Once we've downloaded this, it's necessary to have the base model config file and the weight file having same name. Since renaming config is not a good idea, we will rename the weights we've downloaded from yolov2-tiny-voc.weights
to tiny-yolo-voc.weights
. This is required because when we train, we provided weights file and darkflow tries to pick up the corresponding config file as a reference for training the new model.
This is also mentioned on the darkflow repo page :
When darkflow sees you are loading tiny-yolo-voc.weights it will look for tiny-yolo-voc.cfg in your cfg/ folder and compare that configuration file to the new one you have set with --model cfg/tiny-yolo-voc-1c.cfg. In this case, every layer will have the same exact number of weights except for the last two, so it will load the weights into all layers up to the last two because they now contain different number of weights.
Now, we can train our model. You can remove the --gpu 0.9
part if you do not have a GPU to train this.
# Train the net on the Pascal dataset:
flow --model cfg/tiny-yolo-voc-1c.cfg --load bin/tiny-yolo-voc.weights --train --dataset "~/VOCdevkit/VOC2007/JPEGImages" --annotation "~/VOCdevkit/VOC2007/Annotations" --gpu 0.9
Hit Ctrl+C to end training when you think the loss is not reducing anymore. Usually a good loss / ave loss is 1 or below 1.
You would have noted that after every 250 steps, darkflow will keep saving checkpoints in the ckpt/
directory. Once you stop training, you can use any of these checkpoints to test out your model.
We will run it on a video of people and let it save a new video with bounding box predictions. Let's use 1500th step checkpoint for this example.

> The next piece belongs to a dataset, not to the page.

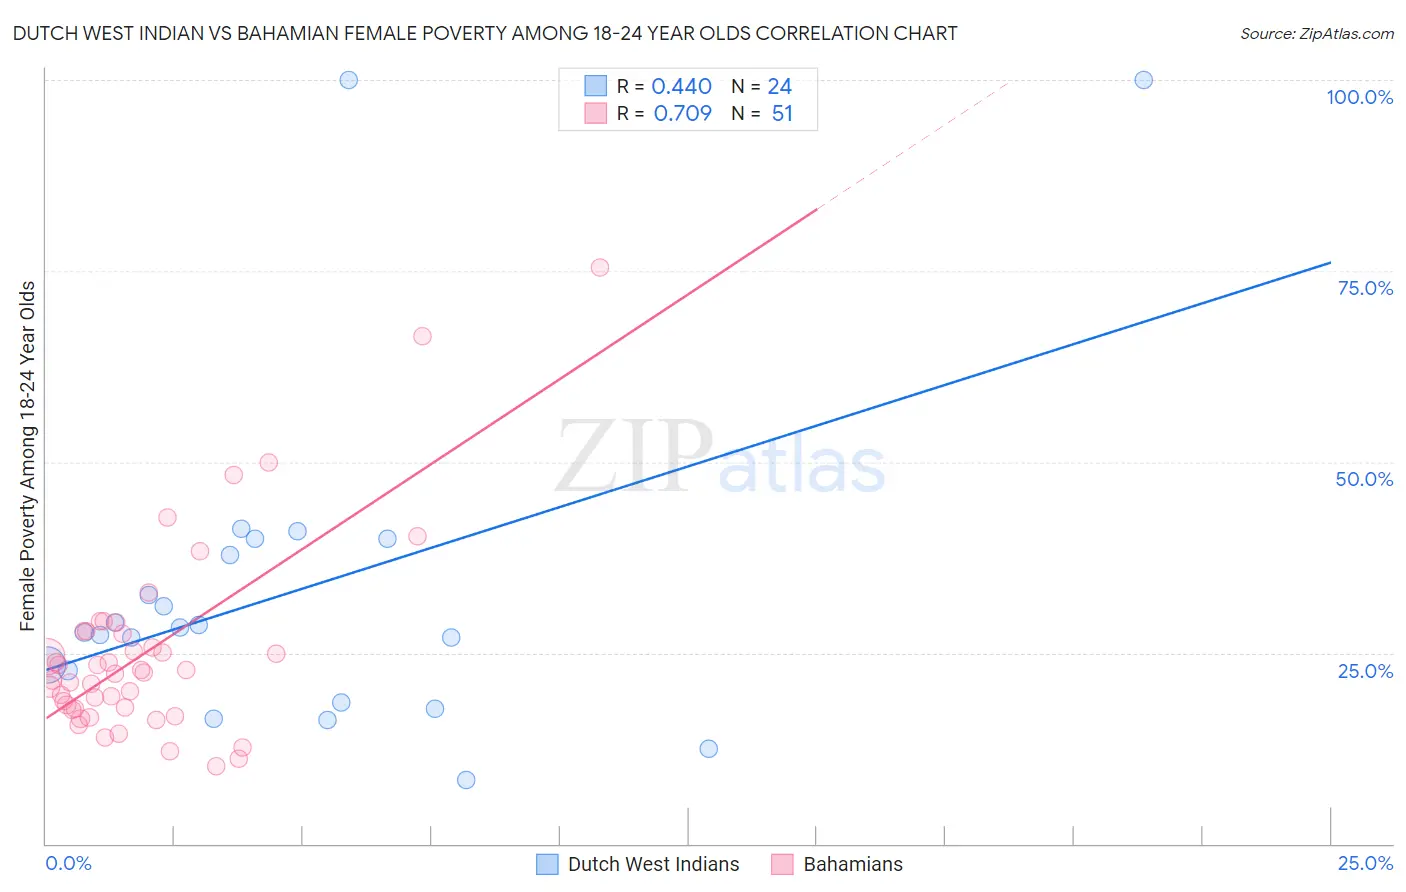 Dutch West Indian vs Bahamian Female Poverty Among 18-24 Year Olds
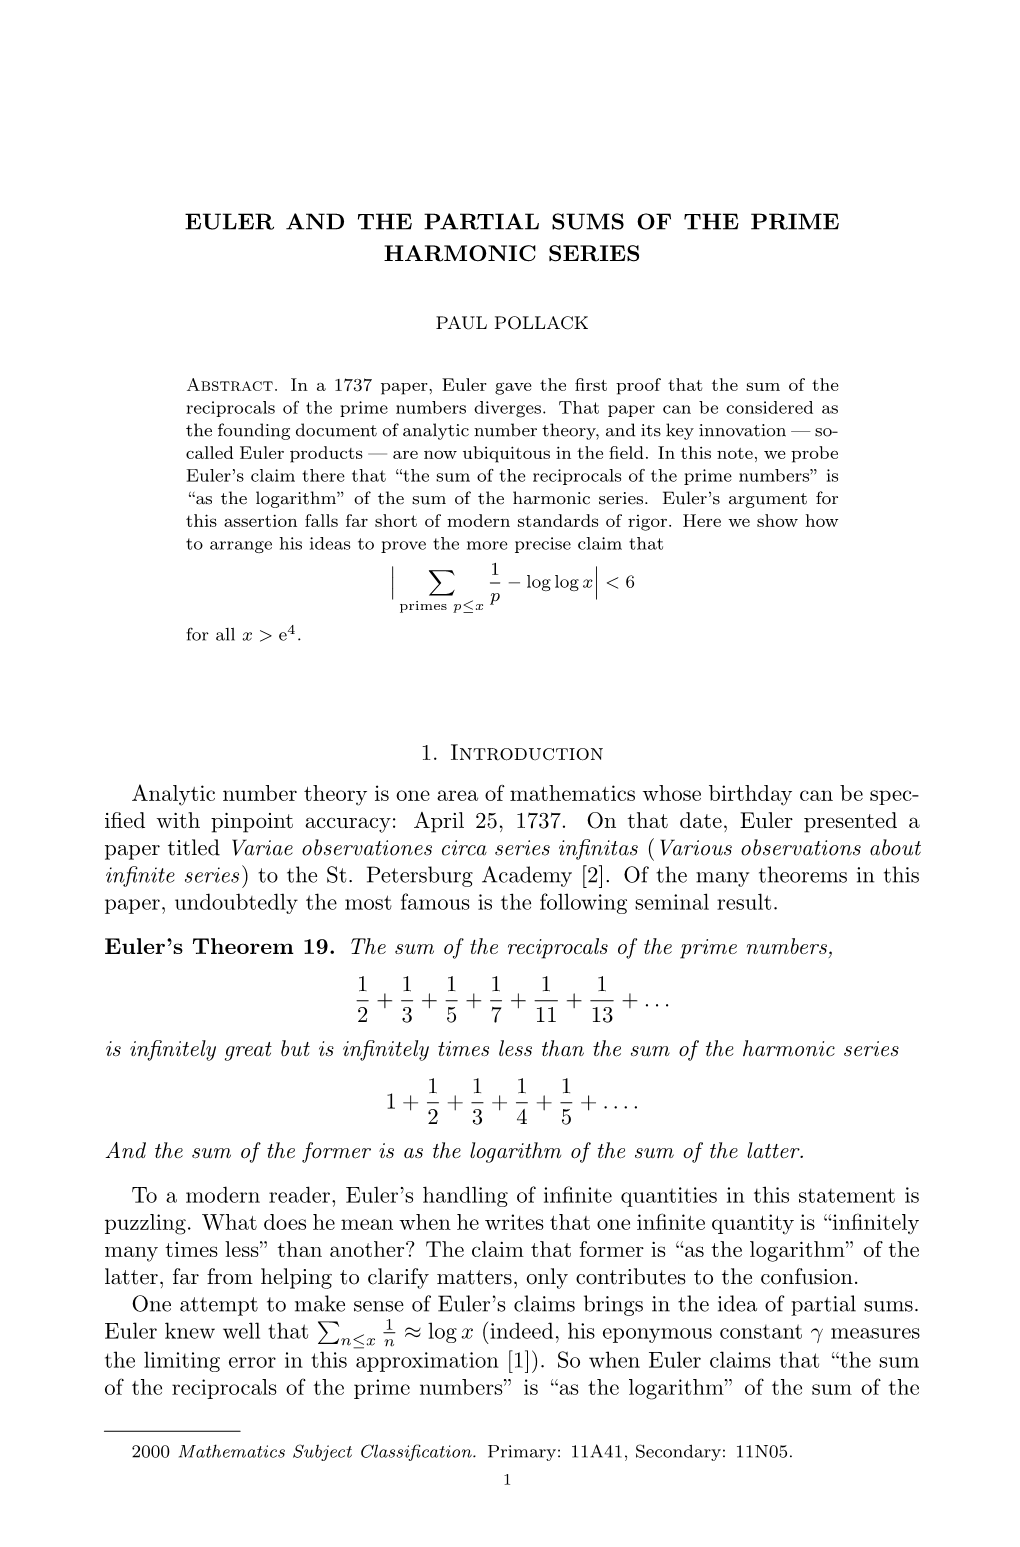 EULER and the PARTIAL SUMS of the PRIME HARMONIC SERIES 1. Introduction Analytic Number Theory Is One Area of Mathematics Whose

flow --model cfg/tiny-yolo-voc-1c.cfg --load 1500 --demo video-input.mp4 --gpu 0.9 --saveVideo
When you run this, it would show the FPS at which the model is able to work with your video. This could vary depending upon your machine. Depending upon the FPS and the length of the video, it could take some time for this to finish. Once the process is finished, you'll have a video.avi
created in darkflow/
directory.
This should only have person
type of objects detected in the video.
If the output isn't great, you can train your model further, and/or vary thresholds, or other parameters to get better outputs.
Hope this helps.